Санитары подошли к телеге, на миг настороженно обернулись, прислушиваясь к западу. Колеса войны уже громыхали недалеко от госпиталя.
– Да, – глубокомысленно сказал один.
– Бывает, – согласился второй и вздохнул.
– Не слоняйтесь! – подогнал их начальник госпиталя.
Санитары положи на носилки Бессмертного и понесли в подземелье, которое ругалось, стонало, плакало, командовало и задыхалось в испарениях лекарства, крови, земли.
– Роза, Роза, я Лилия! – вызывал кого-то из дали раненный радист. – Как слышно? Прием… Роза, Роза!..
– Пошел ты к чертовой матери вместе со всеми своими цветочками. Ой, болит.
– Что болит?
– Нога болит.
– А где же она?
– Нет. В окопе осталась, а здесь болит…
Кто-то рванул Марка за ногу, потом за другую и удивился:
– Вы посмотрите на этого новичка – у него вместо онуч разодранный эсэсовский флаг.
«Топчу фашизм!.. Топчу кривду!», – хотел сказать Марко, но слова его были такими слабыми, что не могли раскрыть губ.
Марка снова подхватили чьи-то руки, куда-то понесли и положили на что-то холодное. Он ощутил, как на него наложила приторно-едкую маску, и понял, что лежит на операционном столе. Но его охватила такая слабость, что впервые за всю войну подумал о смерти. И после этого перед ним качнулись, расходясь в разные стороны, две дороги. Одна, осветленная, бежала в родное село, к ней примыкали головастые подсолнечники и его хата-белянка, а вторая, серая, мглистая, погружалась в мрак.

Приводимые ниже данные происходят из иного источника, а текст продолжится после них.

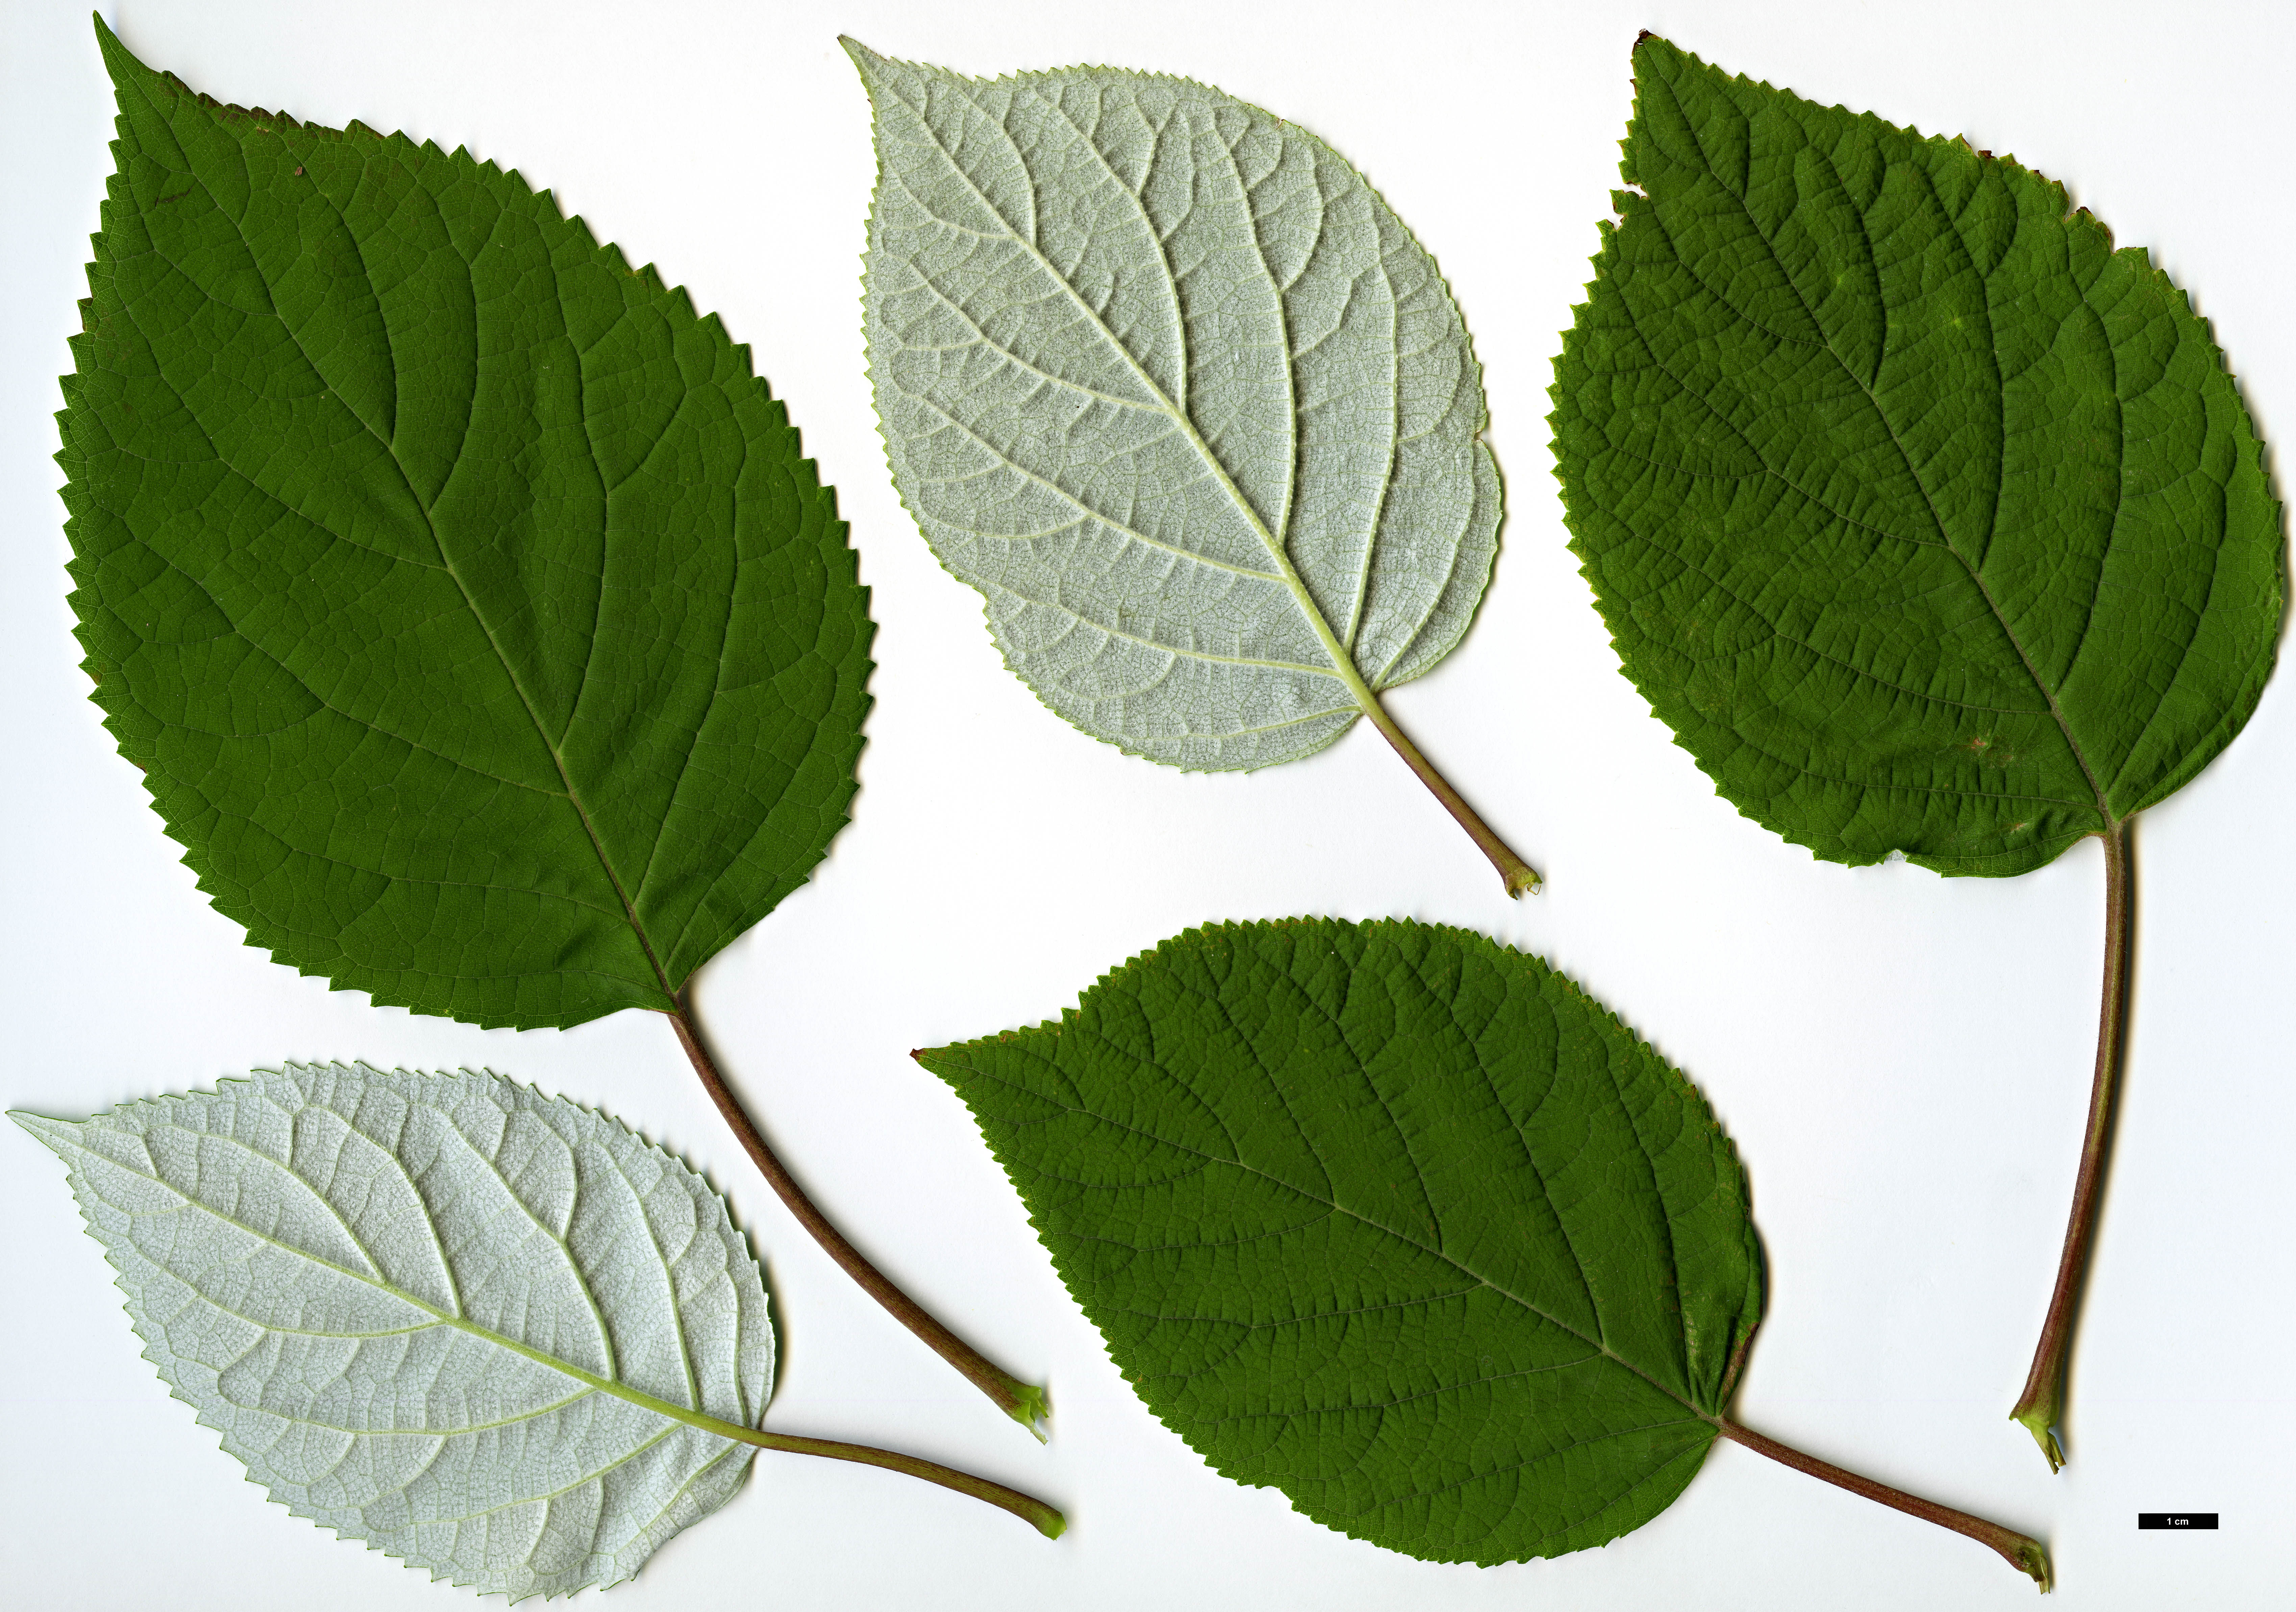 High resolution image: Family: Hydrangeaceae - Genus: Hydrangea - Taxon: arborescens - SpeciesSub: subsp. radiata

«Эта первая – на жизнь, а вторая – на смерть», – понял Марк, стараясь как-то не замечать той второй дороги. Но видения чередовались – их нельзя было перехитрить. Вдруг все вздрогнуло от взрыва. Рушась, ухнула земля, послышались вскрики, а потом кто-то крякнул:
– Хирурга, хирурга выноси?
Густые горячие волны, обдавая Марка, начали безумно накручиваться на него и растягивать все тело. С этим невыносимым ощущением он куда-то провалился, но со временем начал всплывать или выходить из небытия. Он услышал, как кто-то, крадучись, подошел и встал у его ног. Марко раскрыл глаза, холодея: на фоне тьмы, как на громадном рентгеновском снимке, увидел смерть. Она была точь-в-точь такая, какой знал ее из старинных сказок, из рисунков или сновидений.
Смерть отделилась от своего рентгеновского снимка, взглянула на Марка и устало, без угрозы сказала:
– Теперь уж, Марко Проклятый, настал твой смертный час.
– Врешь, костлявая! – не испугался – возмутился Марк.
Сверхчеловеческим усилием он поднялся со стола, слабыми ногами встал на землю и сжал кулаки, готовясь драться до последнего дыхания.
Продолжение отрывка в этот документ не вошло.